The meeting focused on reviewing recent system issues and updates to the computational infrastructure. David reported on resolving SSH service drops on login nodes by implementing new memory and swap limits, restricting users to 50% of RAM and 5GB swap maximum, along with limiting CPU usage to half of available cores. The team discussed challenges with upgrading to Alma Linux 9.8 due to incompatible Nvidia drivers on older GPUs, with Alexander agreeing to investigate potential solutions. Jan provided updates on implementing token authentication for OSG and CMS, including resolving recent connection issues after a reboot of submit06 node. The team also addressed problems with submit67 being down due to likely kernel installation issues, and discussed the need to organize and document configuration files better on GitHub.
The team discussed recent system issues and updates. David reported resolving SSH service problems on login nodes by implementing new memory and CPU usage limits for users, setting swap limits, and unifying restrictions across all machines. The team also addressed GPU-related challenges, including compatibility issues with new Alma Linux 9.8 kernels and driver updates for older Nvidia cards, with Alexander agreeing to investigate the submit67 node failure and compile issues with 1080 GPUs. Maria Rosaria noted that the Archie service needs configuration for automatic restart after reboots, and the team discussed plans to upgrade all machines to Alma Linux 9.8 once GPU driver compatibility issues are resolved.

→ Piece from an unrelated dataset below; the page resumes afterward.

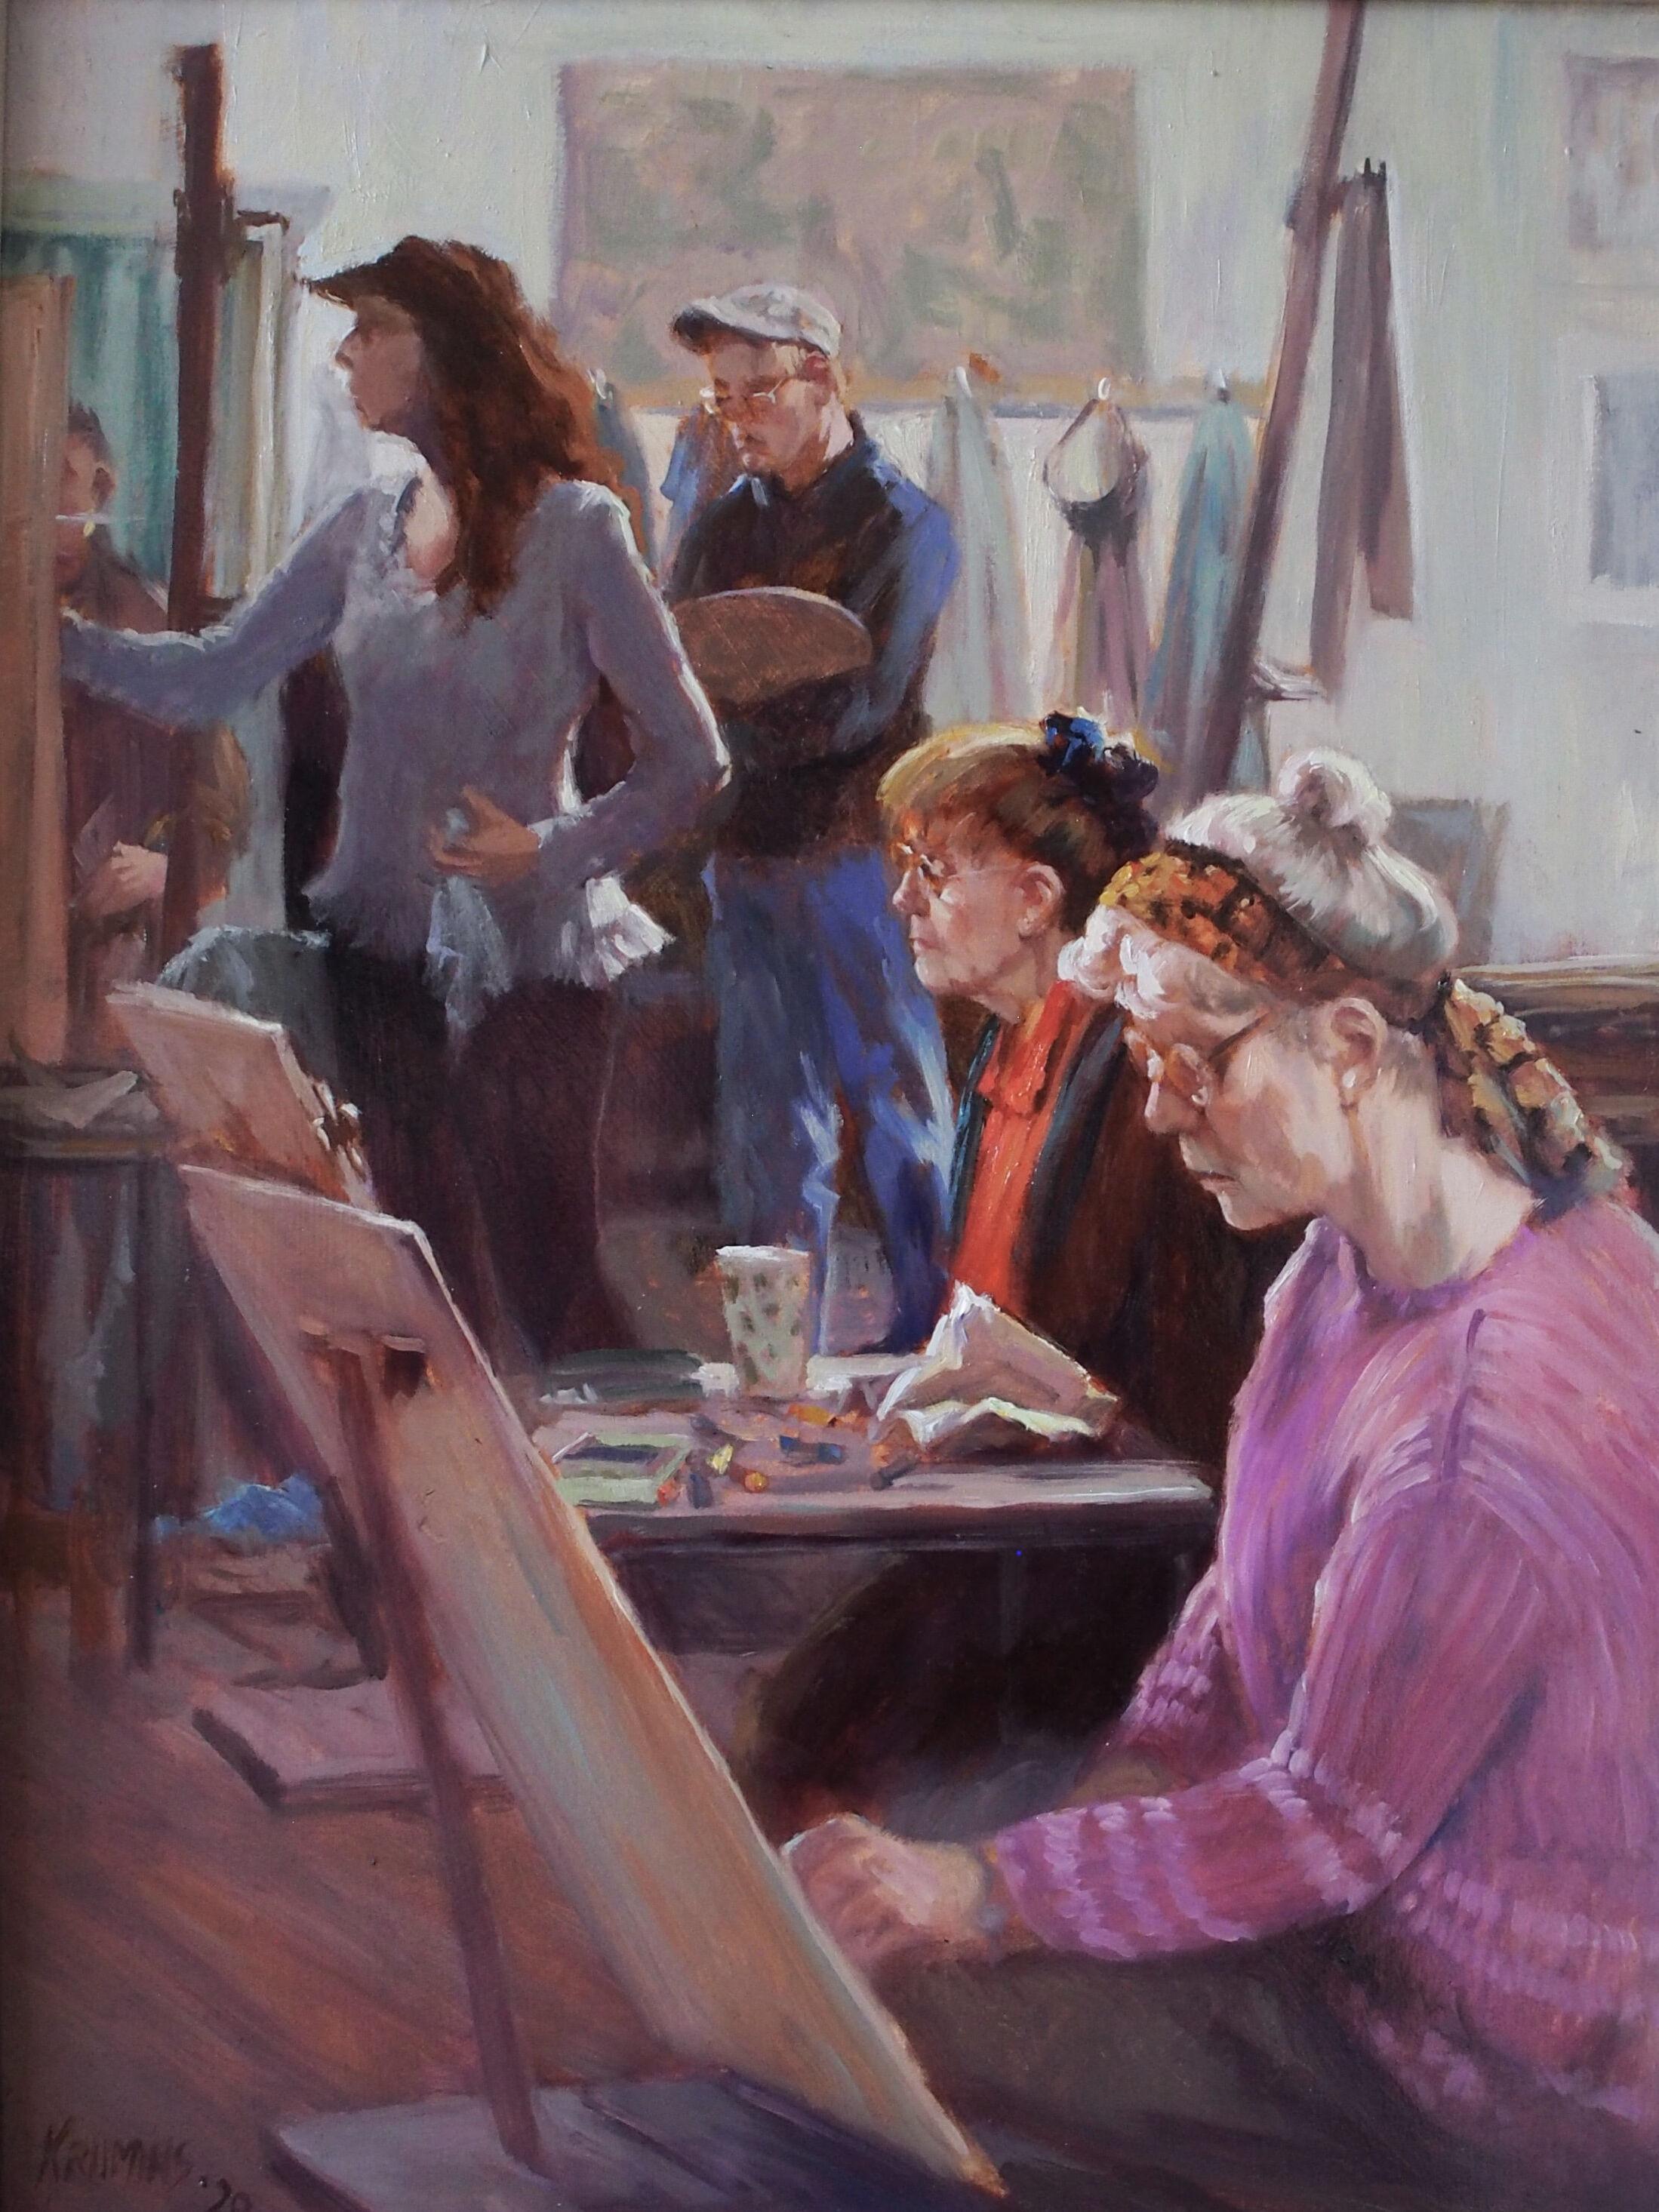 Artists Painting in the VAS Studio. Oil Painting by Gwen Krumins

Jan reported implementing token authentication for OSG as requested, with the token generated on submit06 node awaiting activation on their side before full implementation. Jan also resolved an issue with job submissions after a recent reboot of node 06, which appeared to affect token permissions to the CMS pool, by reinstalling the token. Jan mentioned plans to investigate enabling token authentication for Condor users and to create a comprehensive list of configuration files for both Condor and Slurm systems to be organized on GitHub.